DATASET EXCERPT
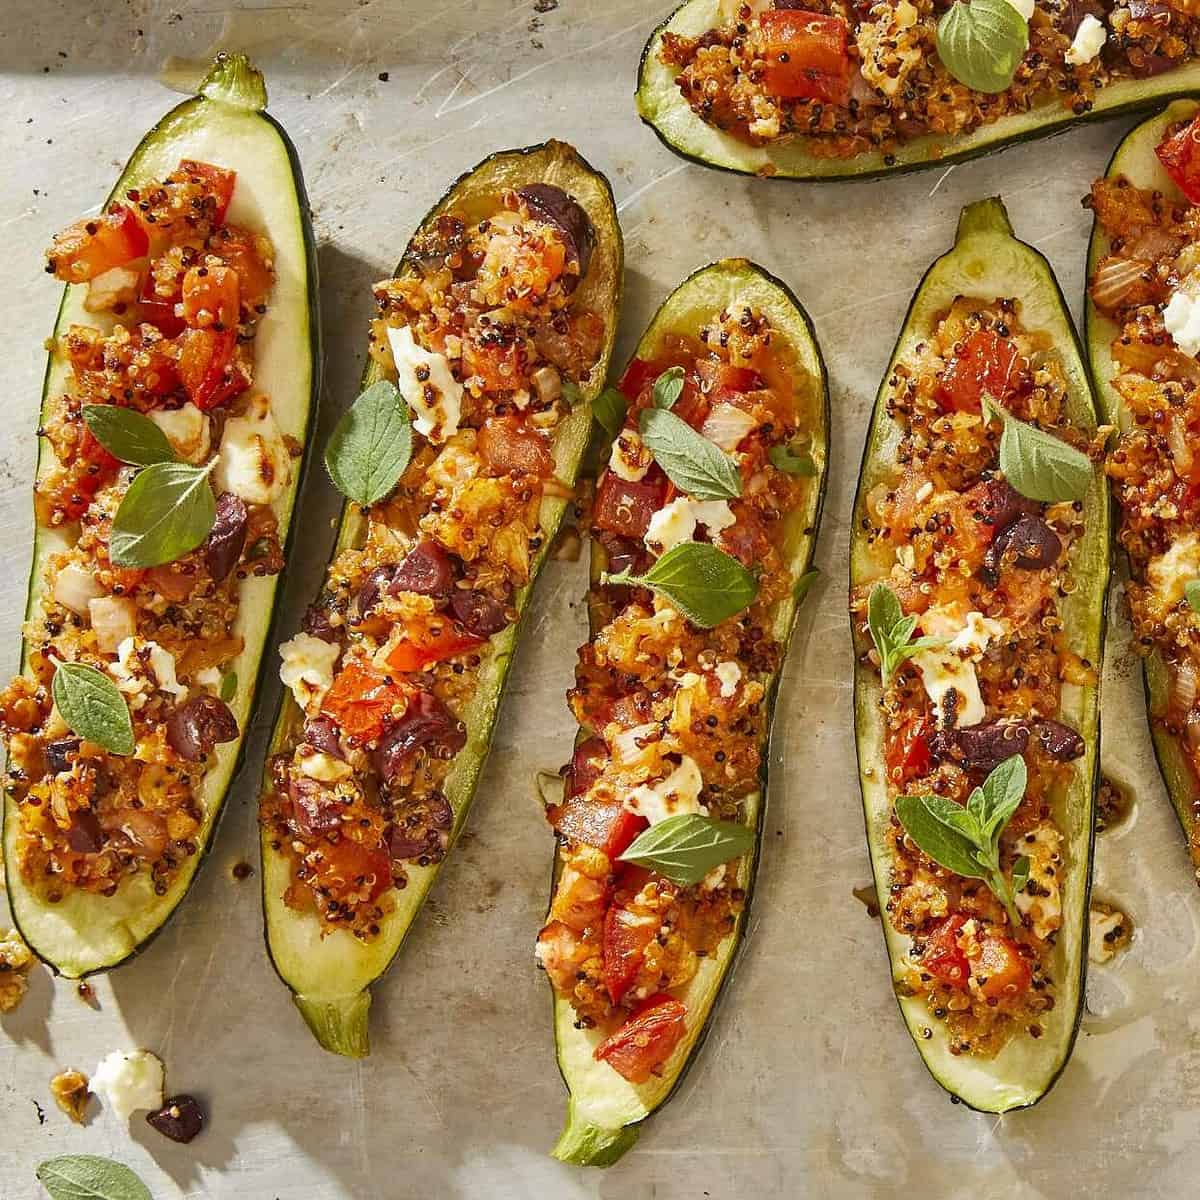  These stuffed zucchinis will steal the show at any dinner party
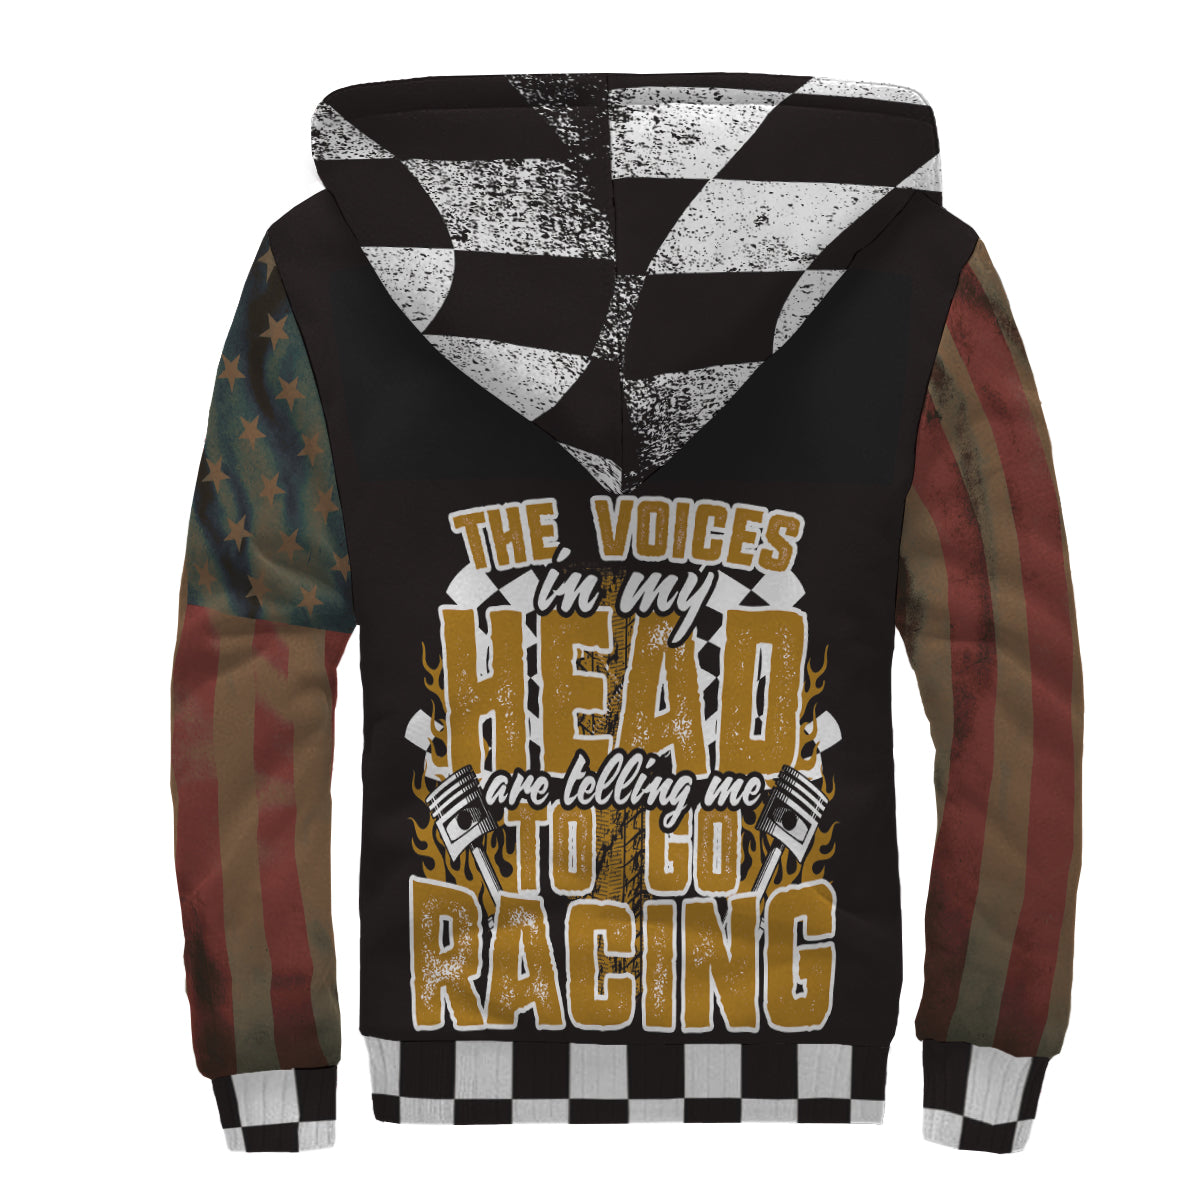 The Voices In My Head are telling me to go racing USA Racing Sherpa Jacket
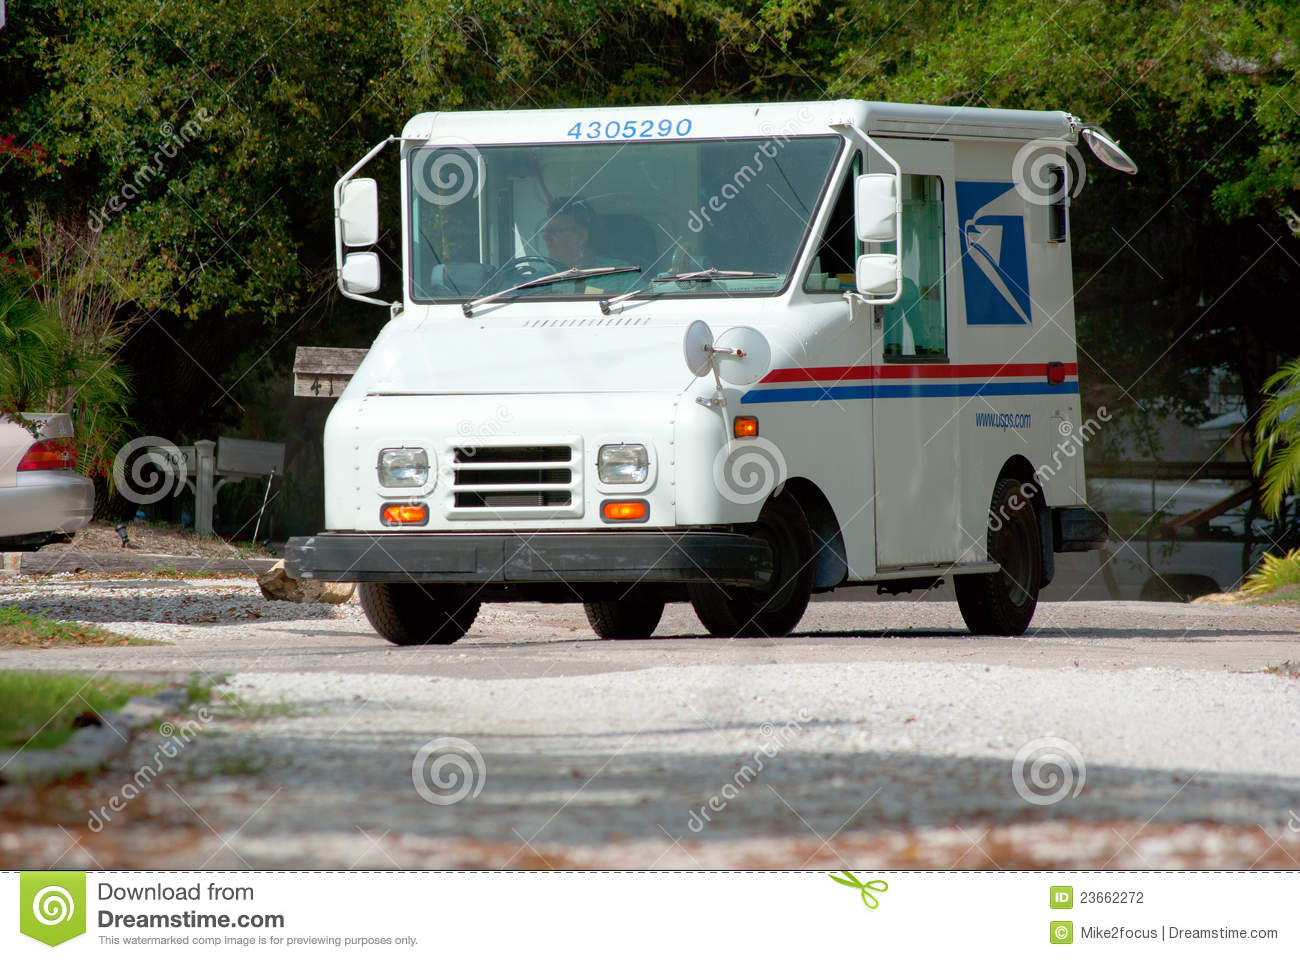 United States Postal Service Truck Van Editorial Photography   Image

WHAT YOU ARE ASKED TO DO
Retype the listing above exactly, pictures excluded.

THE ANSWER
  These stuffed zucchinis will steal the show at any dinner party
 The Voices In My Head are telling me to go racing USA Racing Sherpa Jacket
 United States Postal Service Truck Van Editorial Photography   Image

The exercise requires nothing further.